Evaluate the importance of maintaining direct control over specific functions within your team. Assess whether certain tasks require hands-on management or if an external expert can effectively handle them. Understanding which functions are strategically critical to your company will guide decisions on what needs direct oversight.
10. Can risk be effectively managed externally?
Consider if outsourcing can more effectively manage risks associated with specific functions. For example, a Market Data procurement service with deep expertise in vendor compliance, and reporting, could mitigate the risk of an audit more efficiently than an internal team. Evaluate whether an external vendor's specialized knowledge and processes can offer better risk management than maintaining those responsibilities in-house.
11. Does the task require specialized technology?
Assess the necessity and cost of specialized technology required to handle functions internally versus outsourcing them. Consider whether outsourcing can provide access to the needed technology at a more affordable price, eliminating the need for your team to manage and invest in specialized equipment or software. This comparison can help determine if outsourcing offers a cost-effective solution while meeting technological requirements.
Bonus Questions:
Once a decision to outsource has been made, selecting the right partner to handle internal functions is crucial. Sunil Rao also shared five essential questions to ask potential vendors. These questions are designed to help ensure that the chosen company is well-suited to meet your outsourcing needs effectively.
1. How well-funded is the company?
Assess whether the company has sufficient funding to support its team and sustain growth. This evaluation helps ensure that the company is financially stable and capable of meeting your outsourcing needs long-term.
2. What is the cost of their failure?
Consider the potential impact on your company if the outsourcing provider fails or goes out of business. Evaluate the stability and longevity of the company and how their potential failure could affect your operations in the next 2 or 3 years. Assessing this risk is crucial for ensuring continuity and planning for contingencies.

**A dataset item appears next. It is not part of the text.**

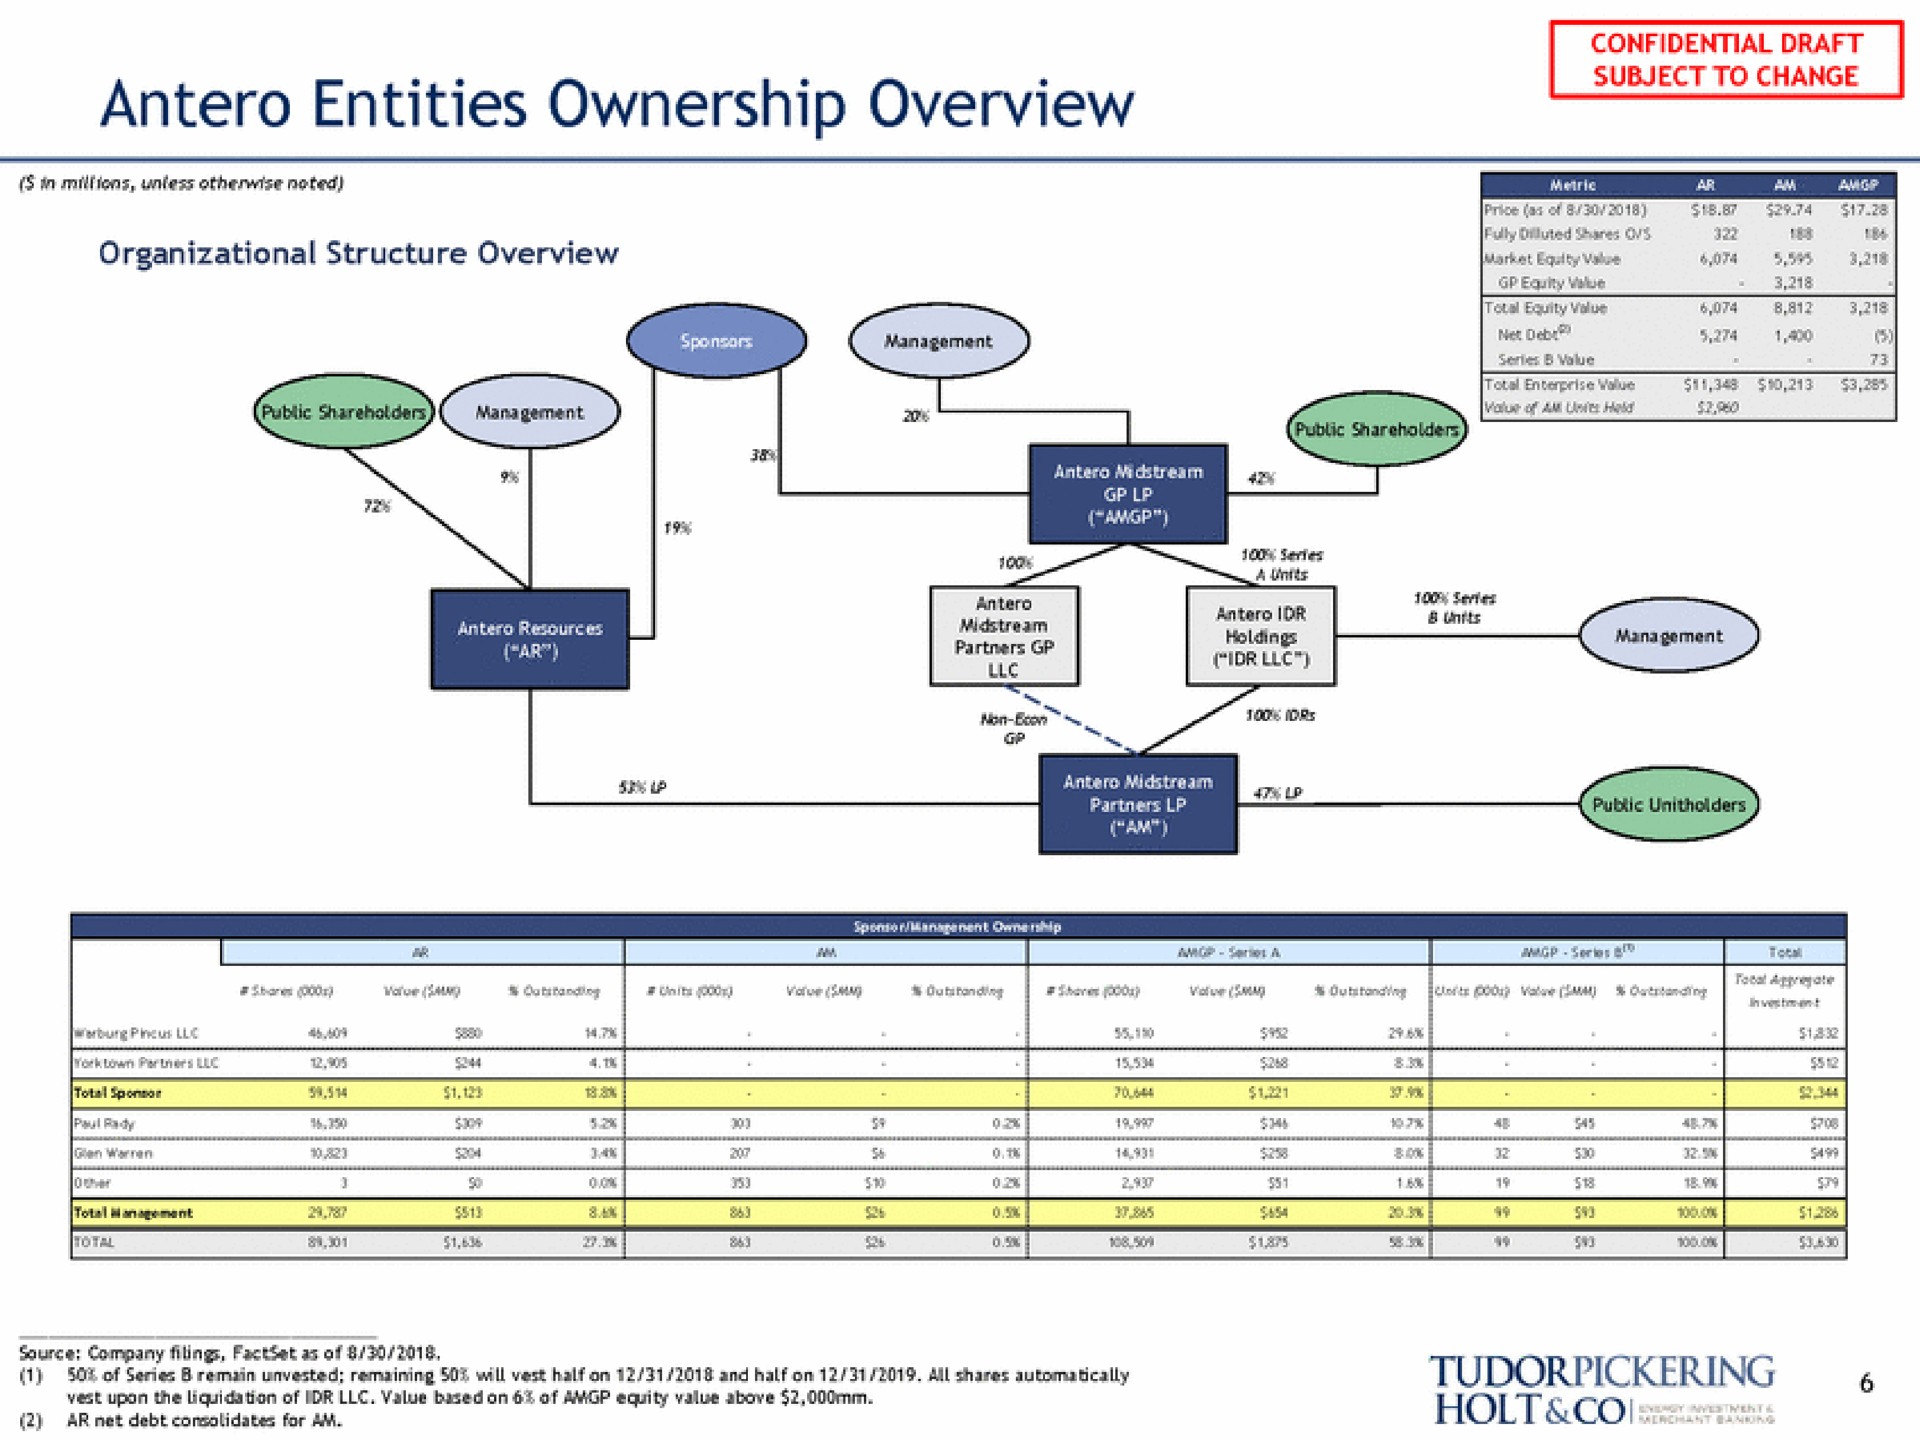 entities ownership overview a tin sare ase sices tee | Tudor, Pickering, Holt & Co

3. What is their policy on internal training?
Investigate the outsourcing provider's commitment to ongoing employee training. Determine if their experts are equipped to keep pace with industry developments and whether they continuously upgrade their skills. This is crucial for ensuring that the team managing your business functions remains competent and effective as industry standards evolve.
4. What is their history of maintaining and promoting talent internally?

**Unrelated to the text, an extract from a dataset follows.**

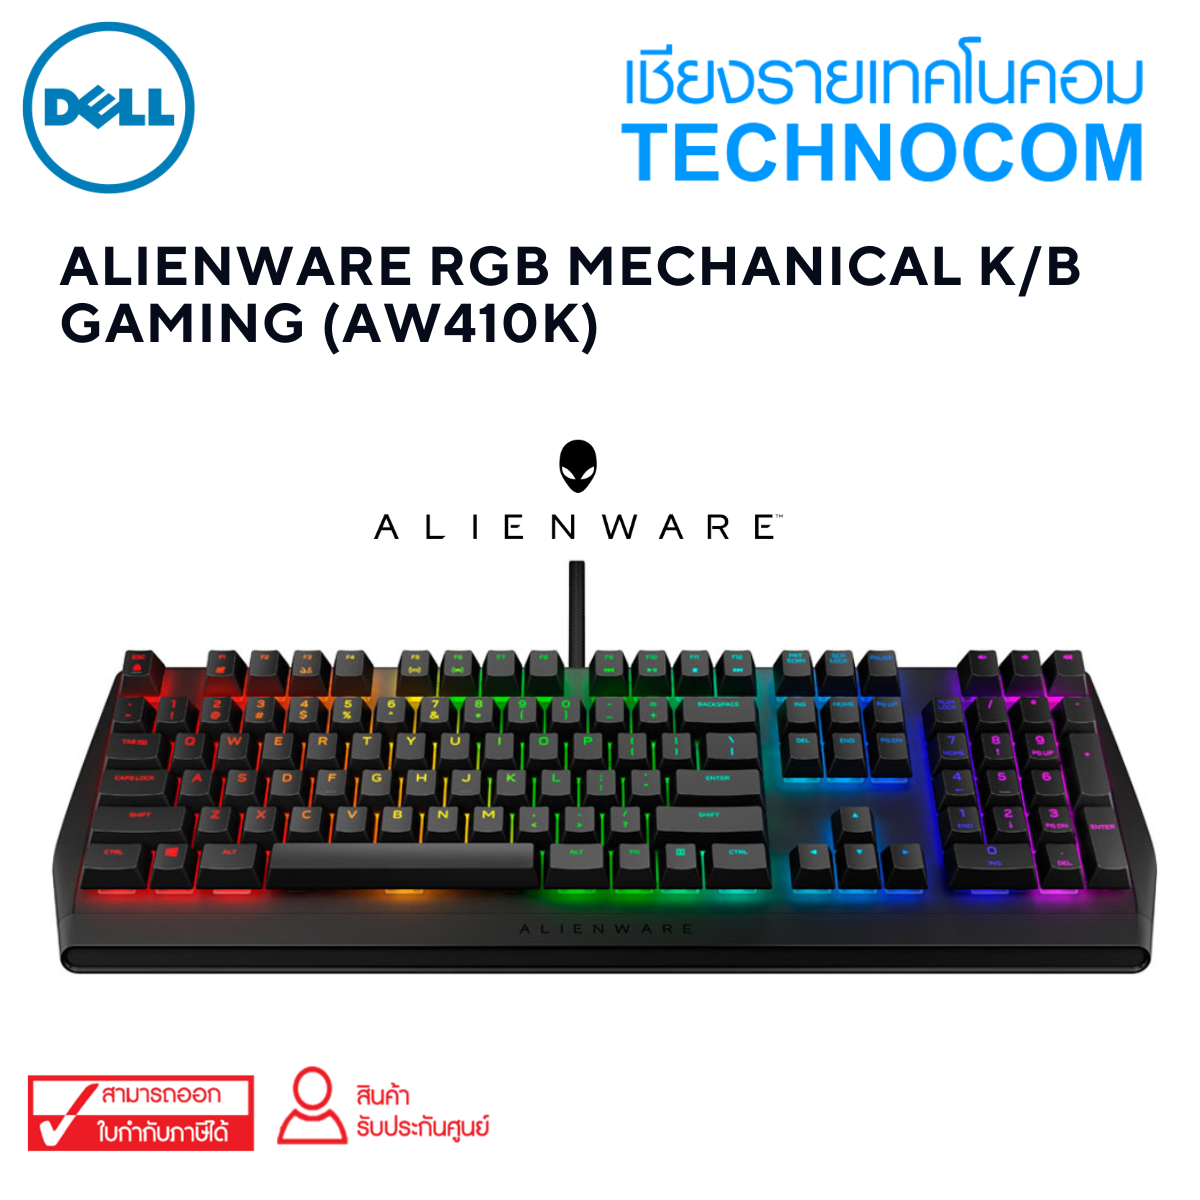 DELL ALIENWARE RGB MECHANICAL K/B GAMING (AW410K)

Examine the outsourcing provider's track record for employee retention and internal promotion. High turnover can affect the consistency and quality of services provided. Determine if the company is known for nurturing and advancing talent contributing to a stable and expert team capable of effectively growing and managing their responsibilities.
5. What is their company culture and approach to partnerships?
Explore the outsourcing provider's company culture and how they treat their employees and partners. Since a procurement service acts as an extension of your own company, their values must align with yours. Assess whether their concept of partnership and treatment of people are compatible with your company’s culture, ensuring a harmonious and effective collaboration.
In the intricate decision-making landscape of insourcing versus outsourcing for mid-market financial firms, Sunil Rao’s questions provide a comprehensive roadmap. Through a series of strategically crafted questions, the questions help leaders not only evaluate the immediate operational and financial implications but also consider long-term impacts on company culture, security, and scalability. The additional questions for selecting the right outsourcing partner underscore the necessity of alignment in financial stability, growth potential, and values. Ultimately, these insights guide executives in making informed, strategic choices that align with their firm’s core functions and future aspirations, ensuring that every decision enhances their ability to adapt and thrive in an ever-evolving market.